Tag Archives: software

Developing our on-line toolkit…

Here at conversationsEAST we are humanists, who work in web publishing with tools and techniques, more often than not devised by others, to create workflows that allow us to share a range of knowledge and experiences with others.

Imagine our delight when the economic historians and project writers in our office  discovered The Programming Historian.

‘The Programming Historian is an online, open-access, peer-reviewed suite of tutorials that help humanists learn a wide range of digital tools, techniques, and workflows to facilitate their research’.

If you are interested in big data, the humanities, research and have but a passing acquaintance with ‘code’, then this is a great bookmark to preserve.

The Programming Historian contains principles and techniques across a range of disciplines and thematic approaches to digital data manipulation and publishing…

‘Application Programming Interfaces (APIs), Data Management, Data Manipulation, Distant Reading, Mapping and Geographic Information Systems (GIS), Network Analysis, Digital Exhibit Building, Programming, and Web Scraping. Our tutorials include nearly a dozen lessons on popular DH tools such as MALLET, Omeka, and QGIS’.

The resources available are all Open Source and are published under a Creative Commons license.
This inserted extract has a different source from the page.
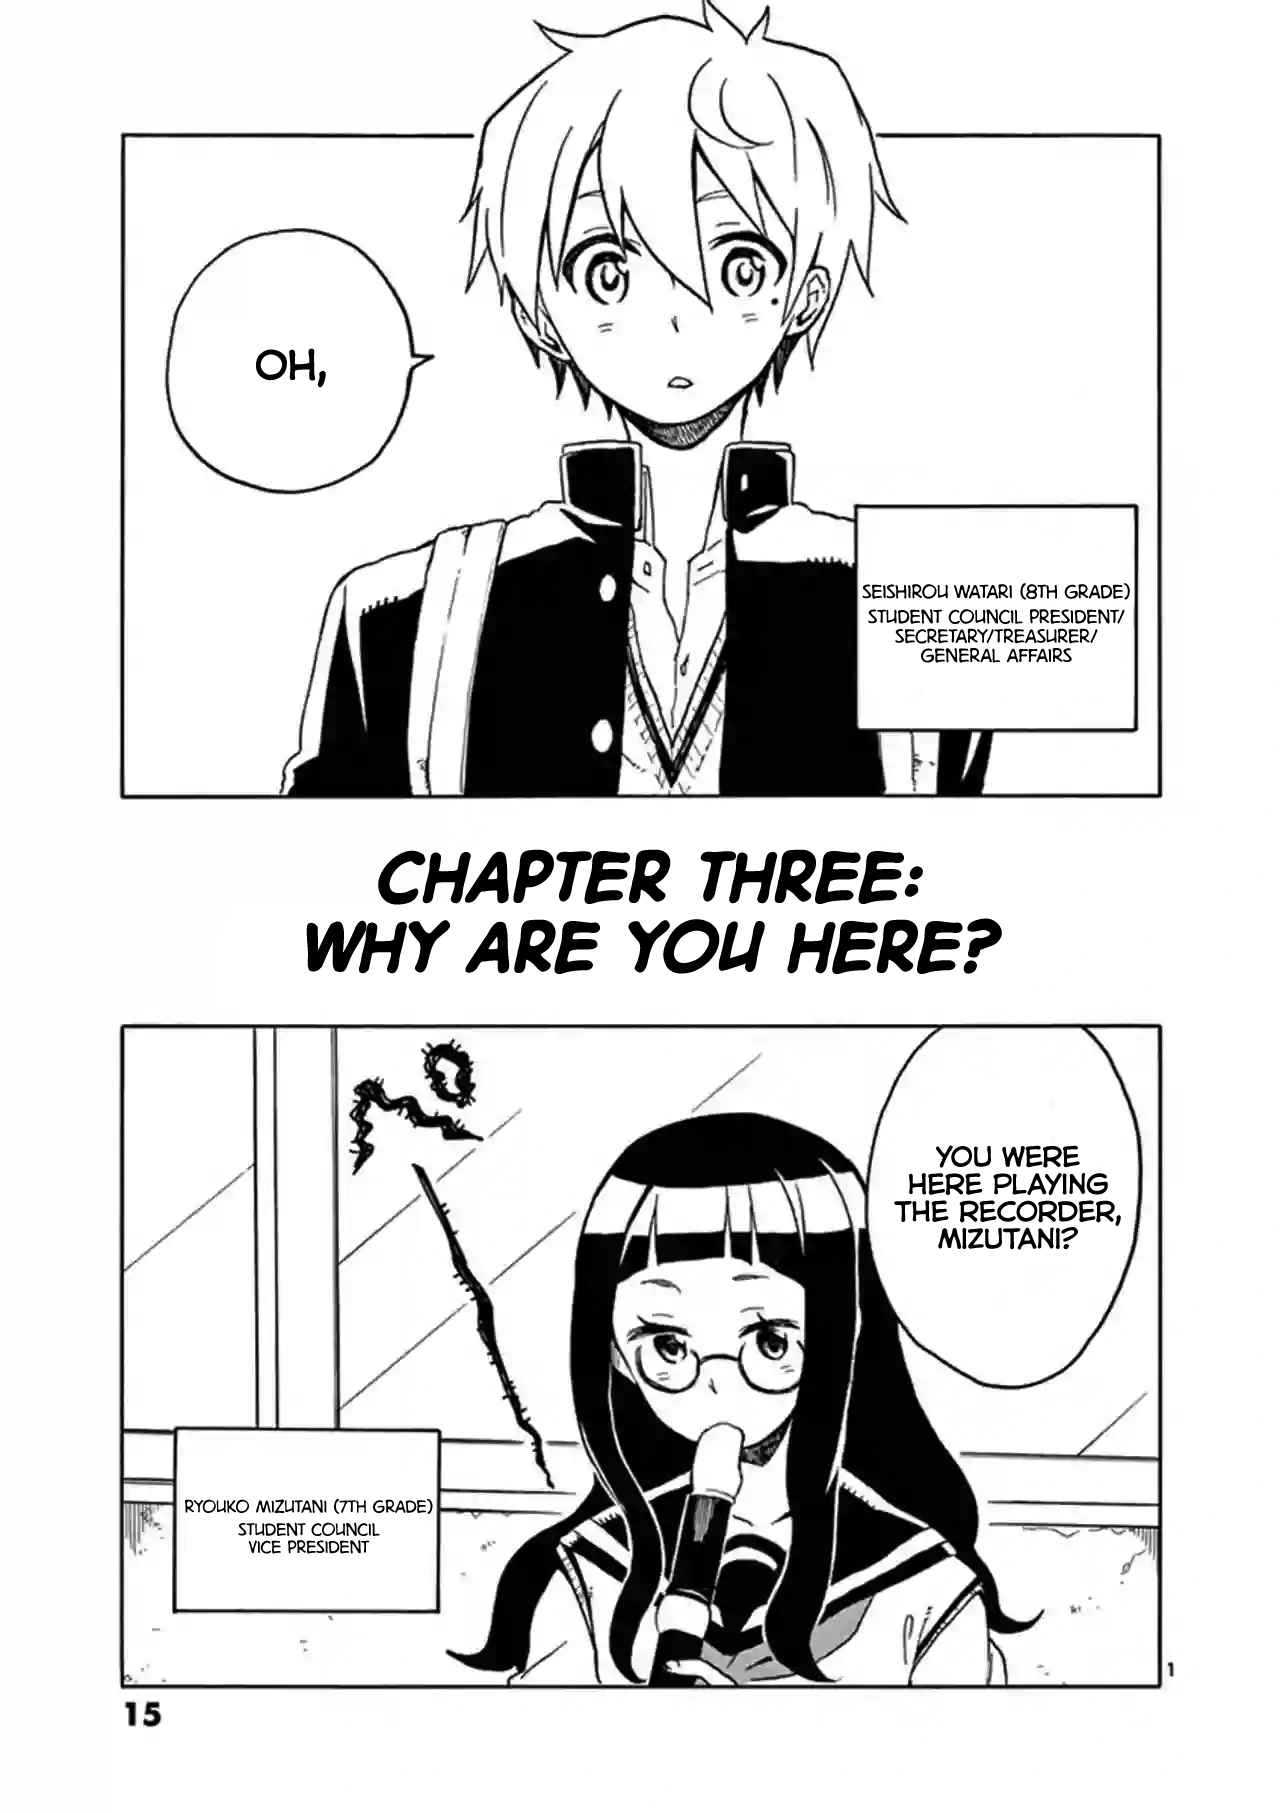 Student Council for Two Vol. 1 Ch. 3 Why Are You Here?
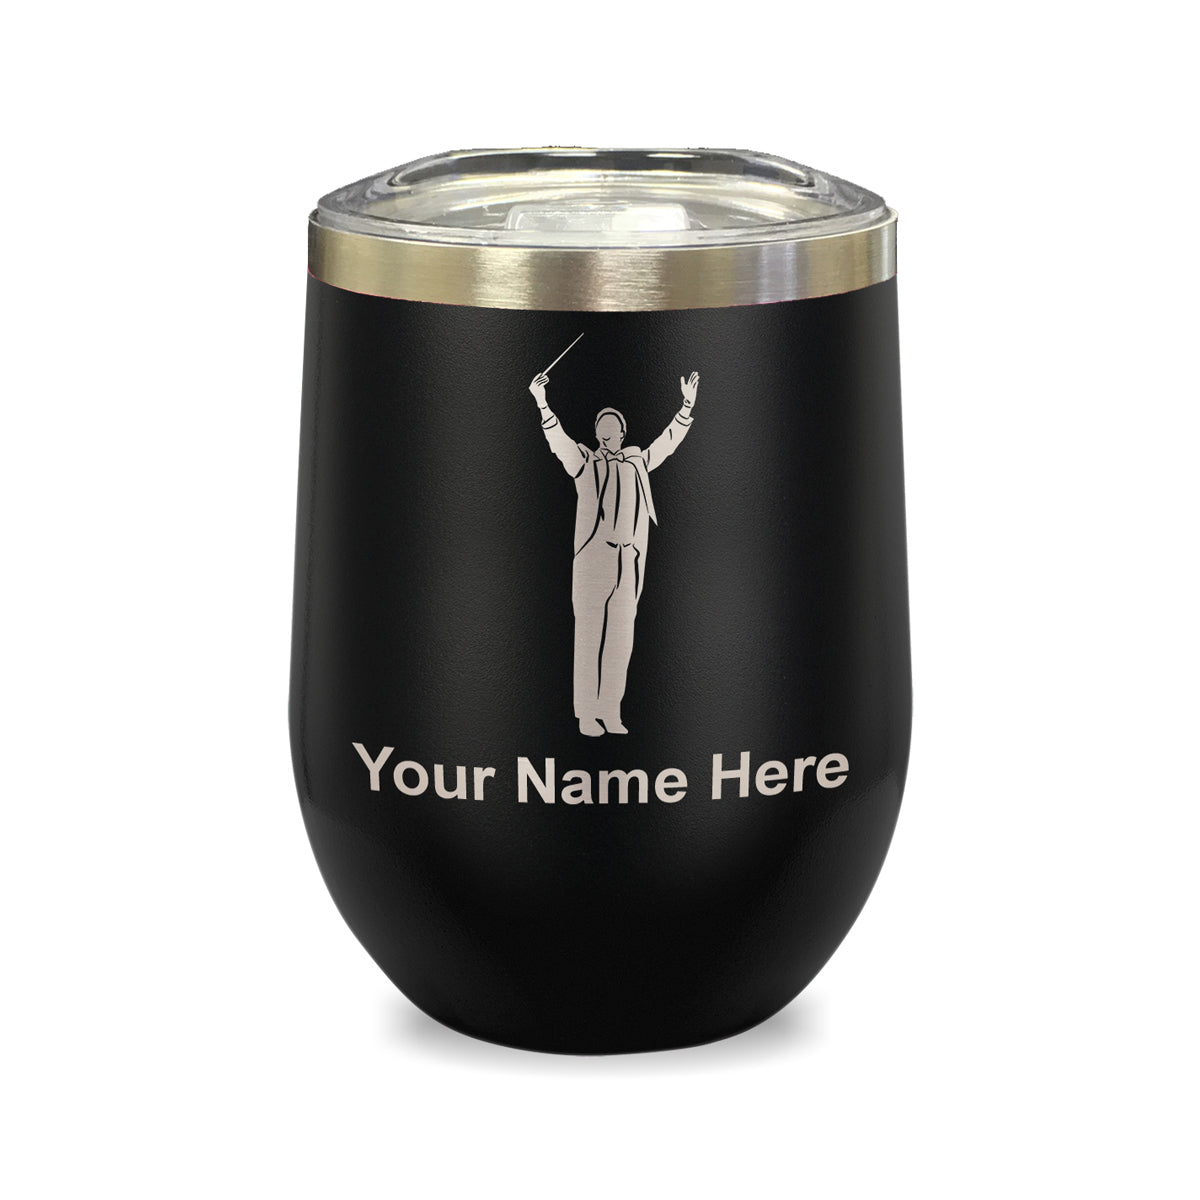 LaserGram Double Wall Stainless Steel Wine Glass, Band Director, Personalized Engraving Included

They are published to the Gold Open Access Standards and are fully compliant with HEFCE publishing requirements for scholars in the UK.

The portal is a volunteer project and is supported from the Rosenzweig Centre for New Media at the University of New Mexico.

‘This project is an attempt to demonstrate what open access academic publishing can and should be. Please tell your librarian to include the project in your library catalogue’.

We have added it to the conversationsEAST digital toolkit management list for future use.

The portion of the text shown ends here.